■ **Available data**:
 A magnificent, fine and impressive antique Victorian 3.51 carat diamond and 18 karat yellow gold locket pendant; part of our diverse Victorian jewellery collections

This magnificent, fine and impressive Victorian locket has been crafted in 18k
--
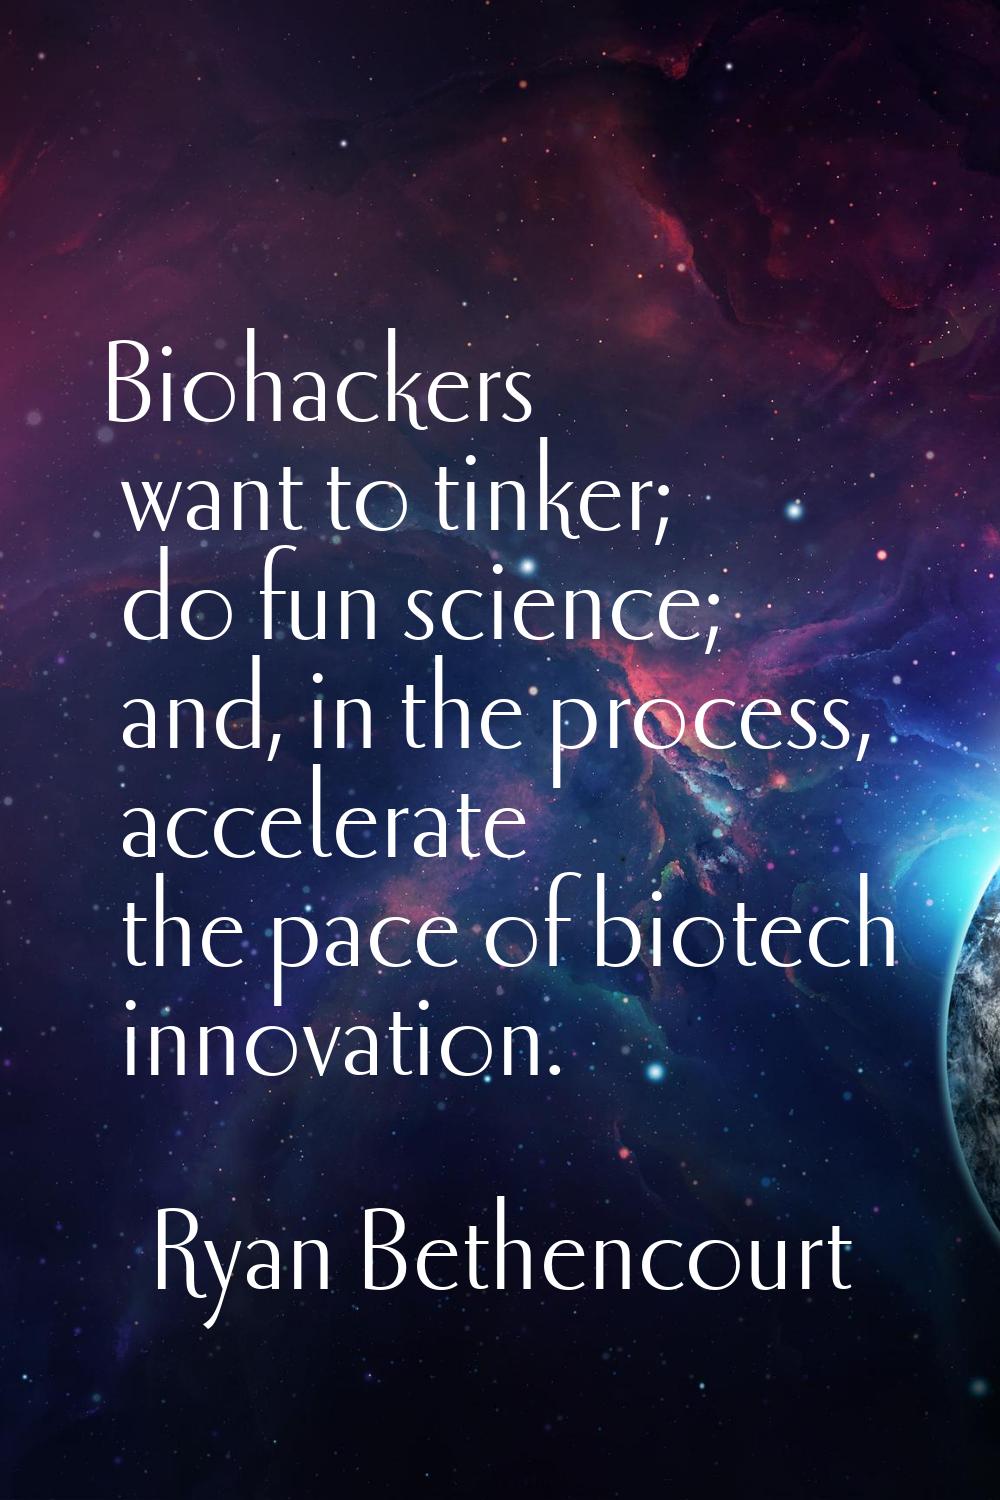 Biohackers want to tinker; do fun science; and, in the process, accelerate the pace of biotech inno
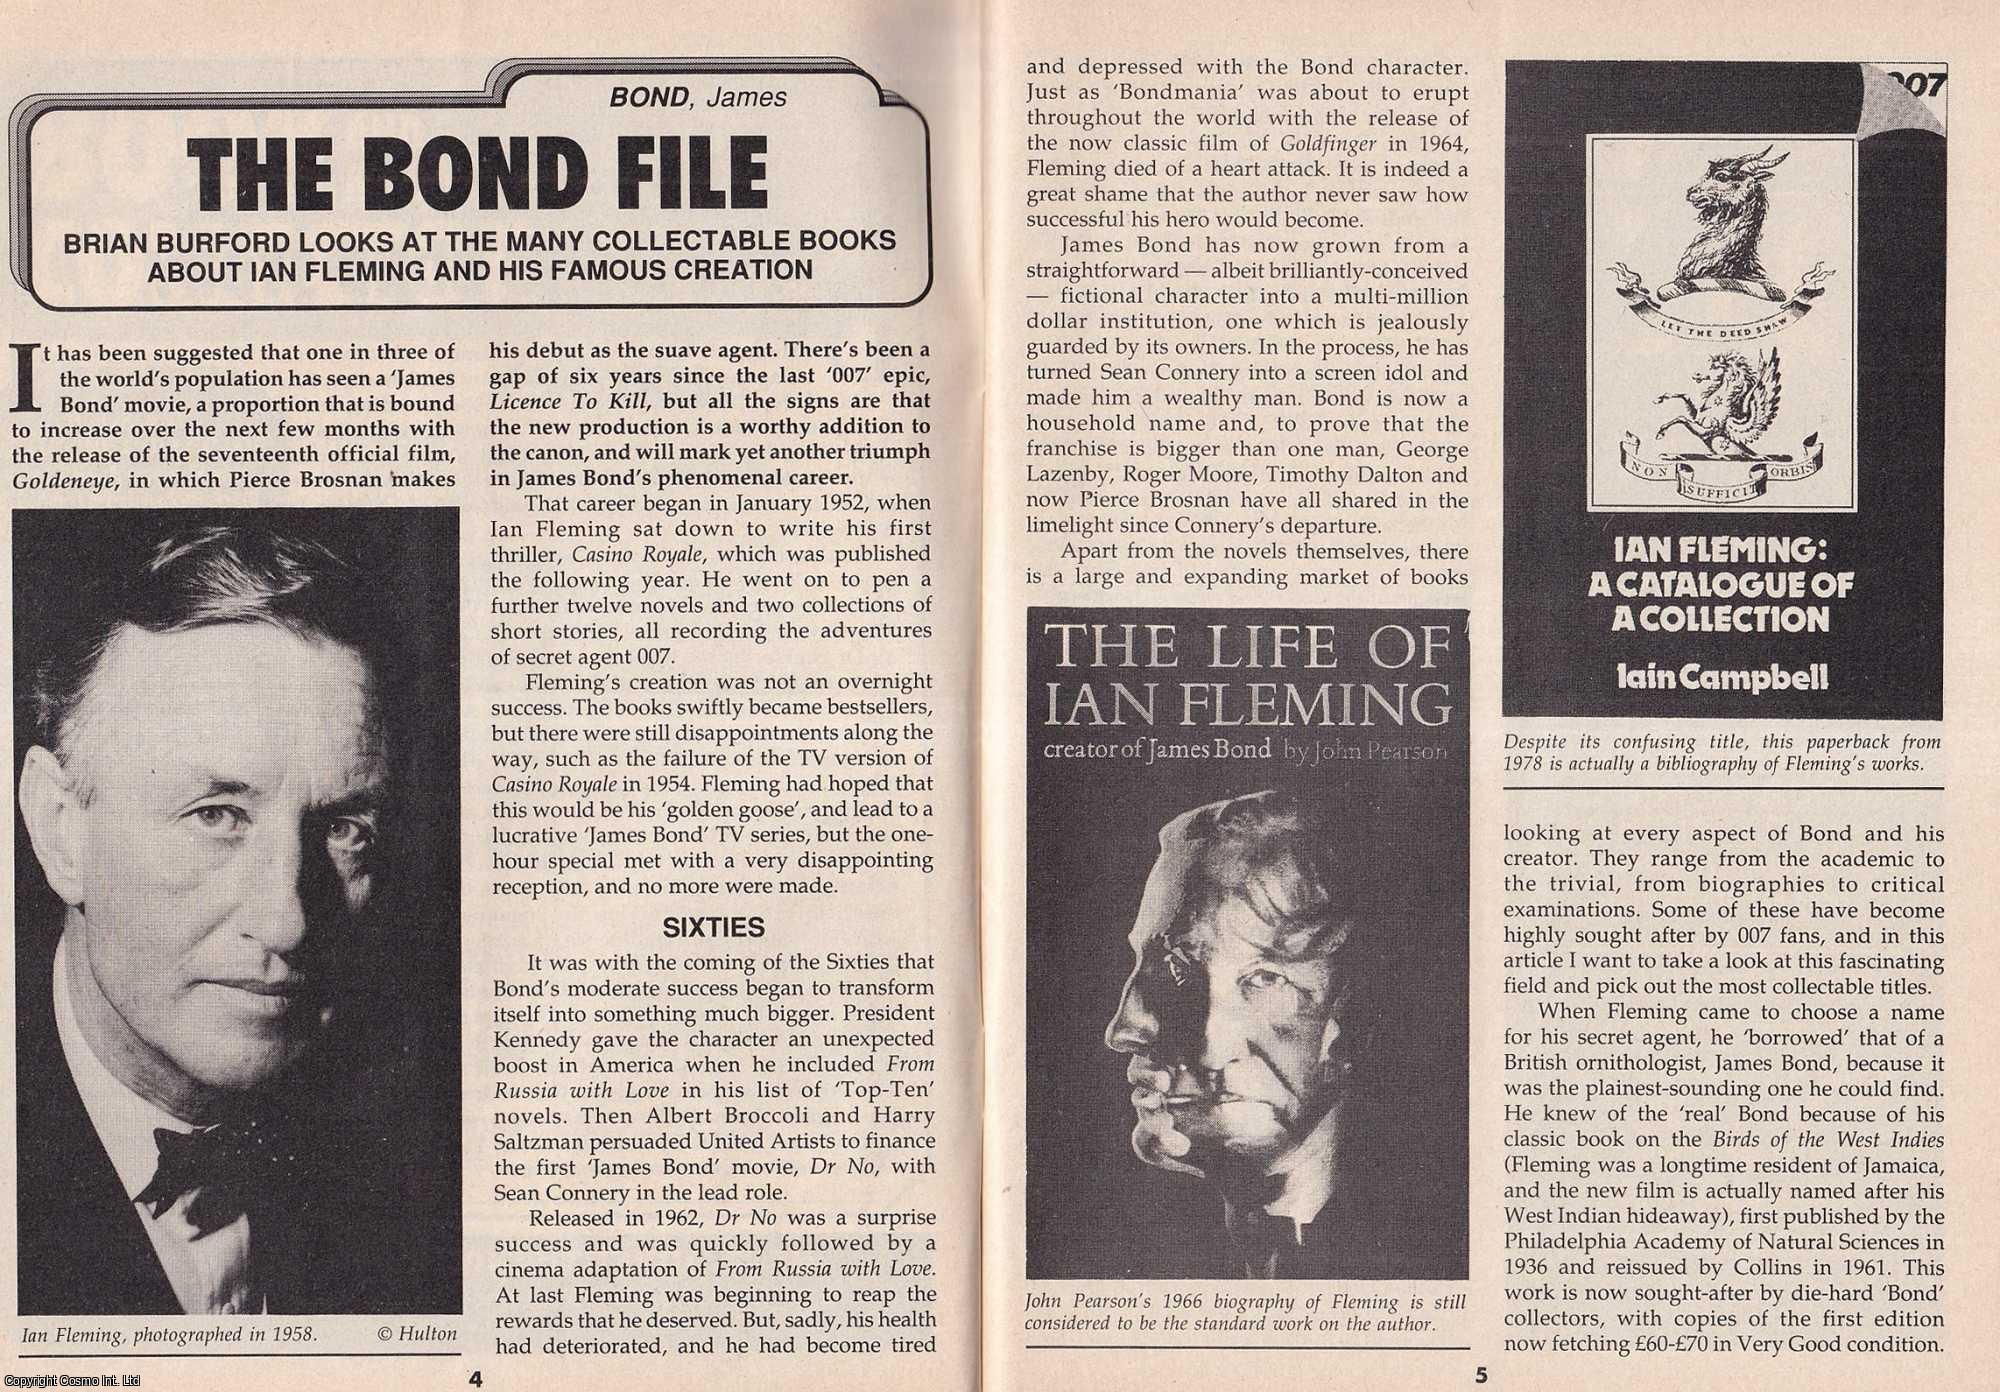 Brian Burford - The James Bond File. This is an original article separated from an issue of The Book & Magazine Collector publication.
--
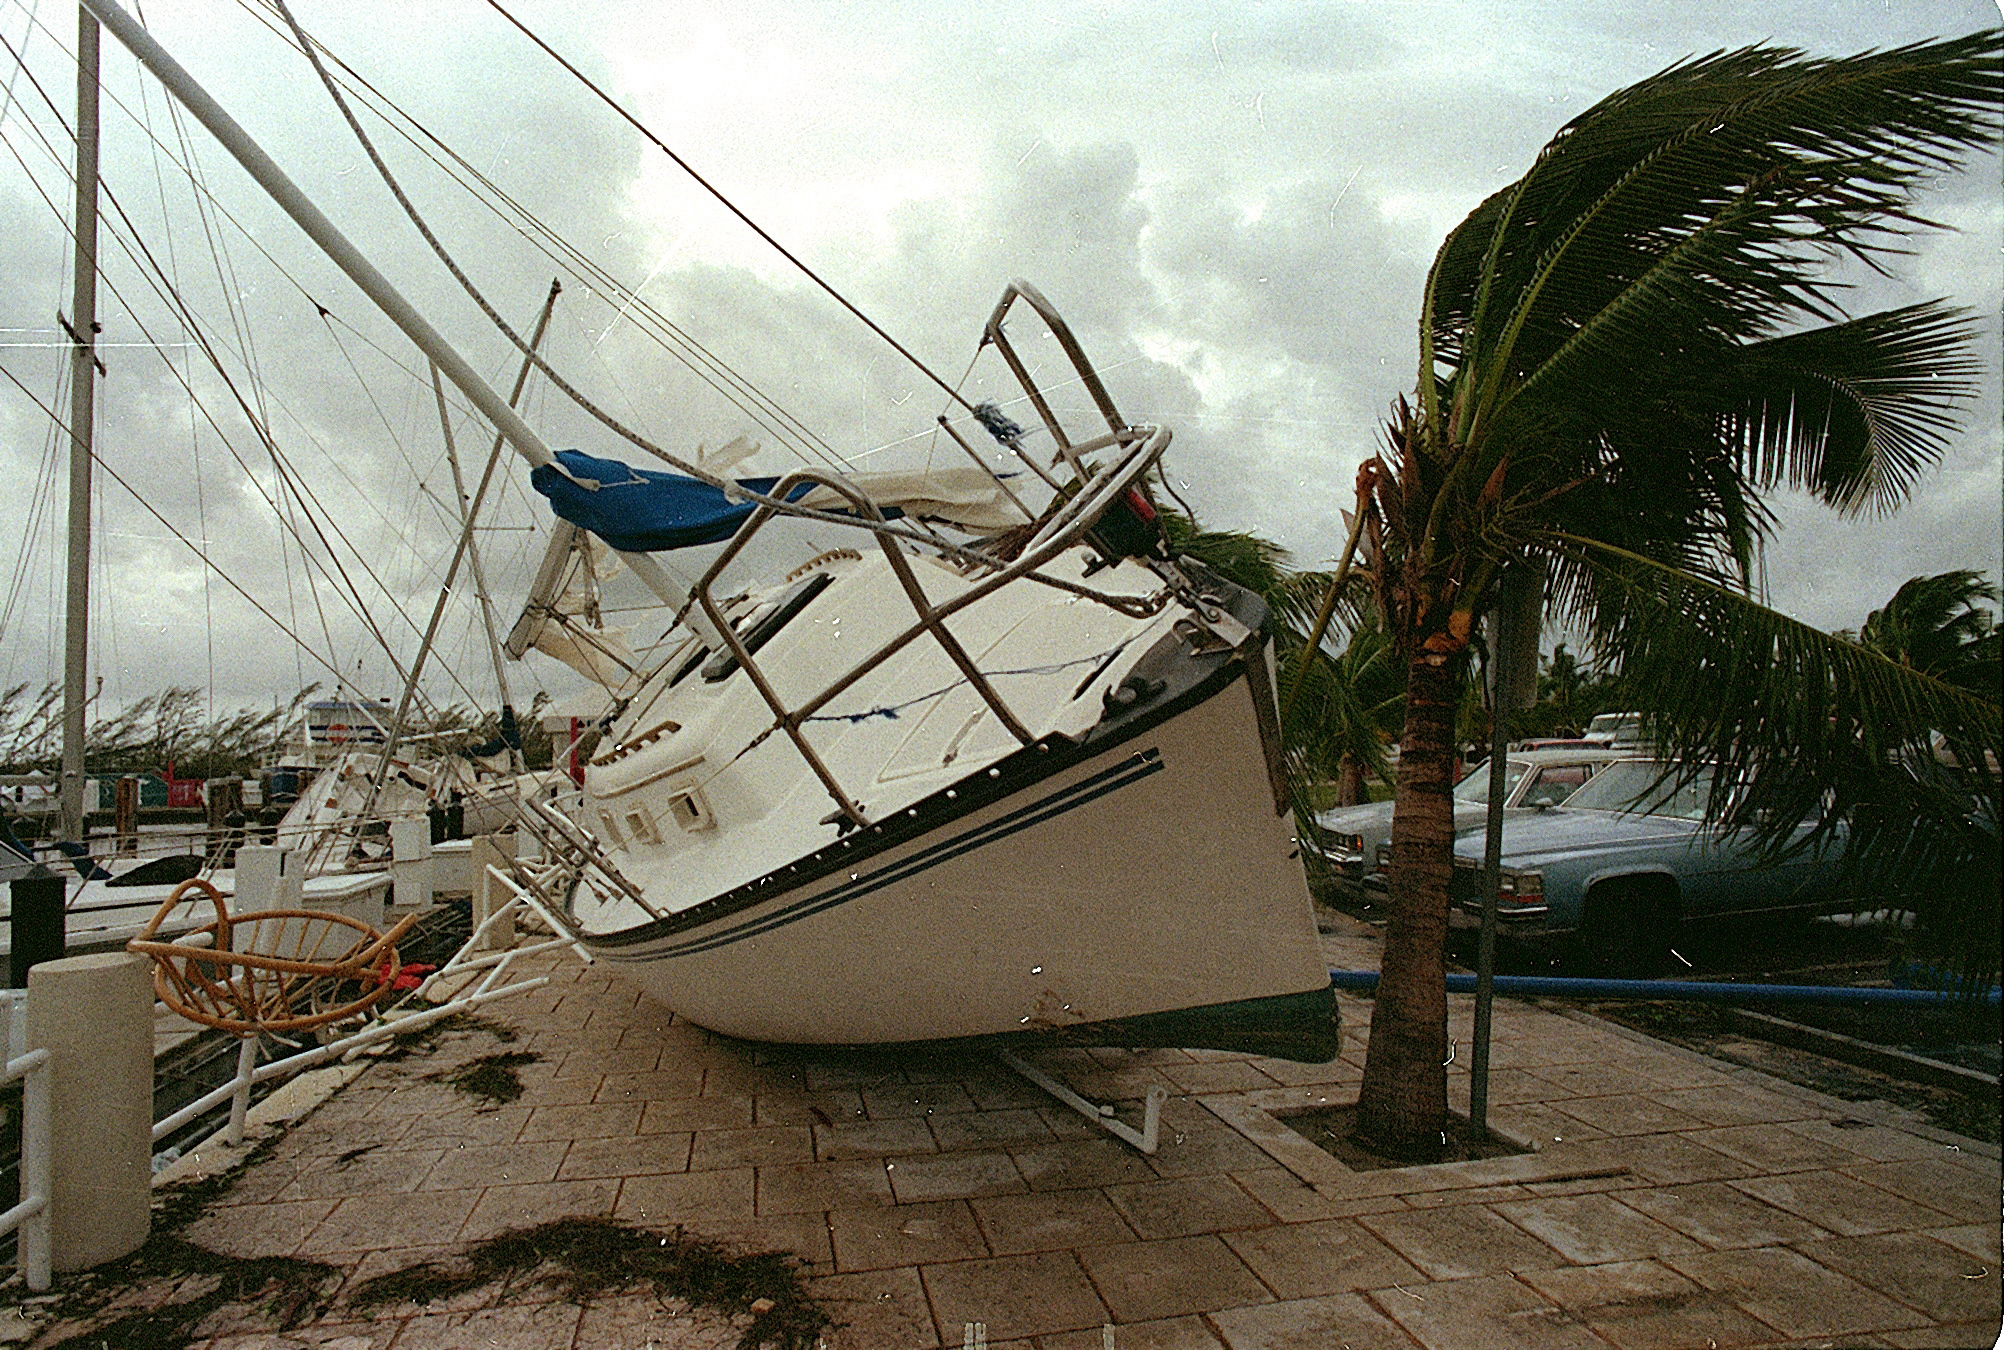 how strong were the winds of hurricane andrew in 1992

■ **Problem description**: Return exactly the lines that appear in the data above between the line containing "Biohackers want to" and the line containing "Brian Burford - The", both of which are included, and leave the pictures out.

■ **Solved exercise**:
 Biohackers want to tinker; do fun science; and, in the process, accelerate the pace of biotech inno
 Brian Burford - The James Bond File. This is an original article separated from an issue of The Book & Magazine Collector publication.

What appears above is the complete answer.